Tuesday 21 July 2015

What the budget means for the surface finishing industry and other thoughts

Every year, usually in April, our accountant sends us a weighty tome explaining all of the tax changes in the Budget and the implications for businesses. This year, we’ve had two Budgets, so no doubt there will be a further accountant’s summary winging its way to us any day now.

Budgets are something that I confess I don’t normally pay a lot of attention to. This one, however, makes some significant changes that will have a major impact on small/medium enterprises such as ours.

The Living Wage increases to £9 an hour for those over 25 by 2020. This will obviously make a difference to the fixed costs of those companies like us that employ some lower paid or unskilled staff. At the same time, corporation tax is being reduced from 20% to 18% by 2020. This compares to 40% in the USA, 33% in France and Japan and 30% in Germany.

Unlike the global giants Amazon, Starbucks, Google etc., our company actually pays its full whack of corporation tax, employers’ national insurance and so on, so this reduction will be a very welcome windfall.

We can only hope that, by 2020, we are still making sufficient profits on which to pay the tax, and that the ill winds that plunged the world into recession seven years ago don’t return anytime soon.

Of course, the UK will only return to full economic health over the next five years if we can improve our productivity, which we are told lags behind countries such as the USA, Germany, China and even France.

In our own small way, our company has made a serious attempt to improve our own productivity over the past two years. You would think that buying, refurbishing and reselling plant and machinery is a fairly simple business model in comparison to the complexities of those involved, for instance, in electroplating of diverse products and components.

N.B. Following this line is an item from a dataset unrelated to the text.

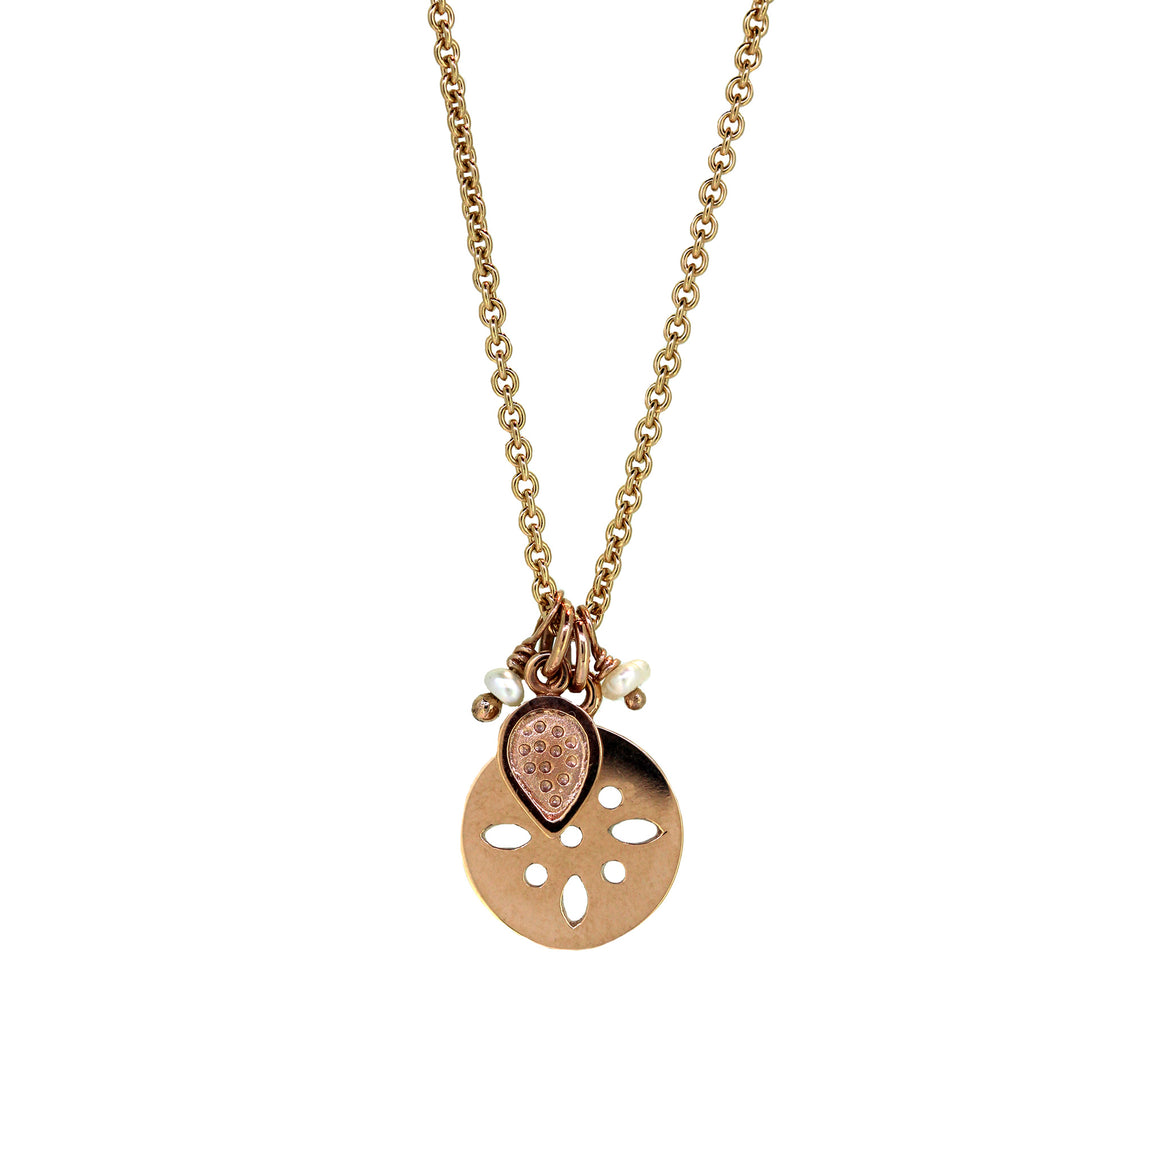 Rose gold tree of life necklace with freshwater seed pearls

However, even a streamlined organisation such as ours has issues with productivity. Valuing and purchasing surface finishing equipment from all around the world has to be dealt with in an efficient and organised fashion. When it comes to processing the items through our various sales channels, we have to follow procedures that contribute to good productivity and increased profitability.

Finally, our online marketing and sales processes must be fine-tuned to meet the needs of the global marketplace, having the right good in the right place at the right time.

In the UK, it is our largely foreign-owned automotive industry that is leading the way on improved productivity. These vast organisations have benefited from the research, development and investment that come with globalisation. They have also tapped into the skills that already were present in this country, where we have been building cars, motor cycles, vans and trucks for over 100 years.

This in turn makes rigorous demands on all of the sub-contractors to the automotive sector, not least those of us involved in product finishing. So compliance with the first tier results in enhanced productivity in the second and third tiers. This then has a positive knock-on effect on our exports for the benefit of the whole economy.


I look forward to meeting you all at Surface World in September. I know for a fact that Nigel Bean and his colleagues are making strenuous efforts to make the show a success this year and they deserve all of our support. Hopefully, the forthcoming autumn season will be a productive period for everybody in our industry.